In an interview with JTBC in September, he said he may form a new party before the June 2014 local government elections.
“If we are prepared by next June, we could create a party,” he said. “If not, we will seek the best way we can find.”
Given that local elections are scheduled for June 4 and candidate registration begins in early February, Ahn is expected to finalize the establishment of the new party by February.
Ahn’s party will inevitably bring changes to a political scene long dominated by the conservative Saenuri and liberal Democratic parties. The popularity of the DP in particular has been on the decline, and Ahn’s party is likely to compete for support from the same liberal voters.
According to a weekly survey by Realmeter, a market researcher specializing in political and social affairs, conducted from the second week of June through second week of November, an approval rating for Ahn’s not-yet-born party has been 8.8 percent higher on average than that of the DP, 23.7 percent versus 14.9 percent.
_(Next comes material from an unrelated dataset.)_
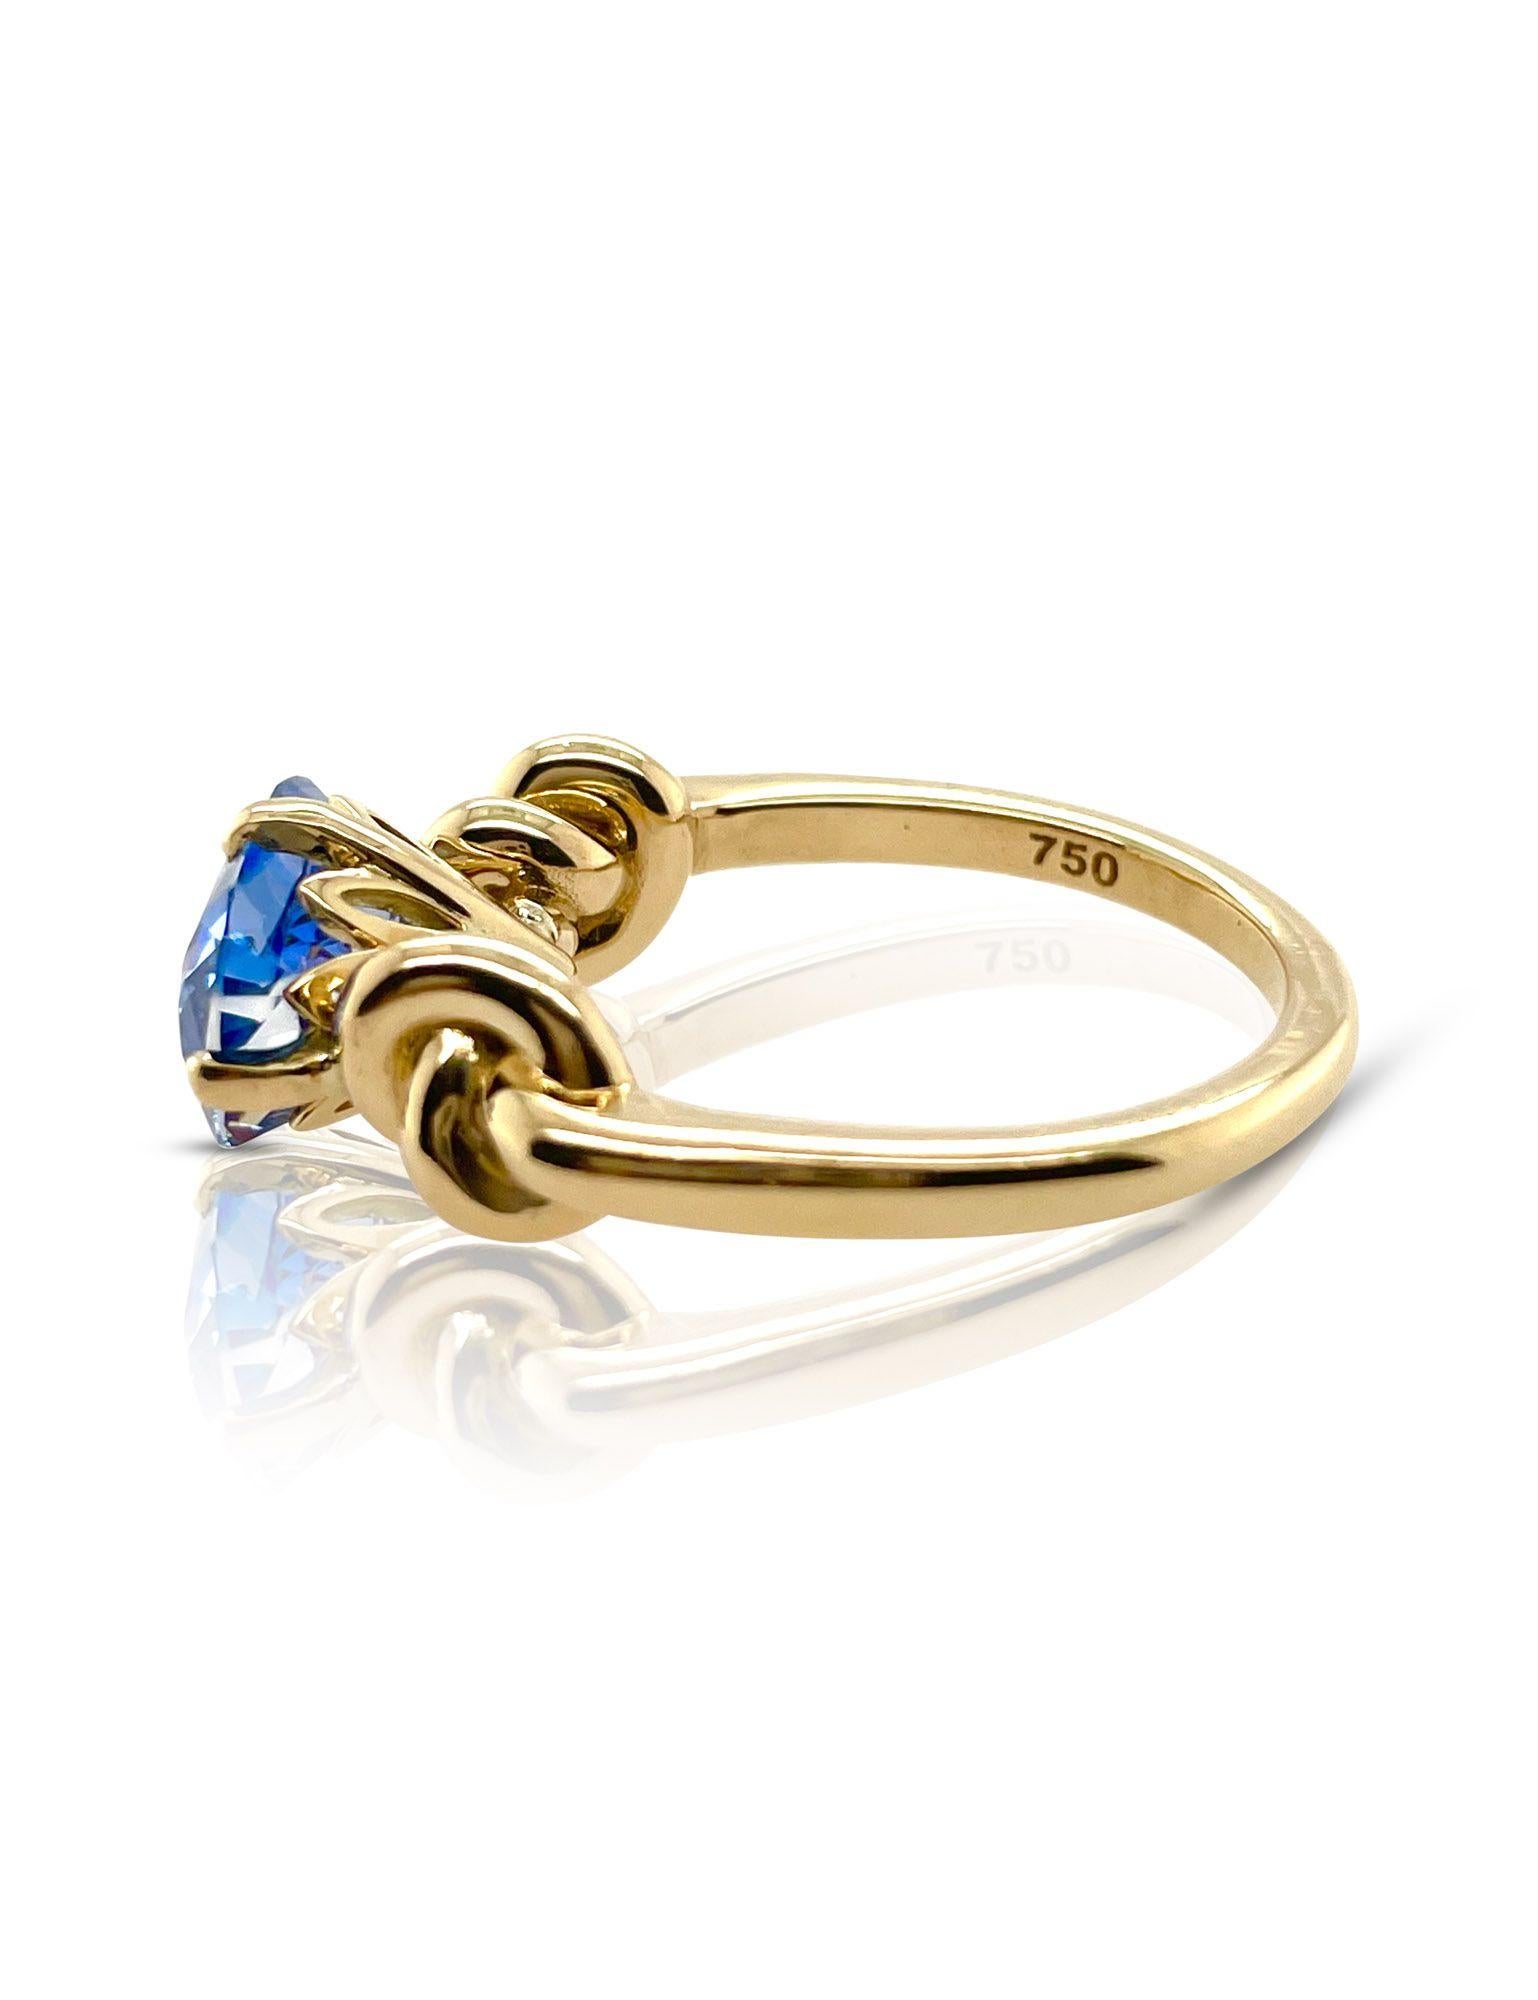 For Sale:  3ct Blue Ceylon Sapphire Cushion Cut Forget Me Knot Ring in 18ct Yellow Gold 13

The possibility of a partial or total alliance with the DP during the election can’t be ruled out given that division within the liberals would obviously benefit the Saenuri candidates. Migration of lawmakers from different parties is foreseen by analysts.
The 51-year-old former tech entrepreneur has been criticizing the inner circles of both the Democrats and the ruling Saenuri Party, saying they make no effort to “persuade moderate people” and only focus on holding onto power, perpetuating the polarization of Korean politics.
Ahn said in an interview with the JoongAng Ilbo four months ago that Korean politics needs some kind of middle path that bridges the schisms between liberals and conservatives, and the Gyeongsang people versus Jeolla people.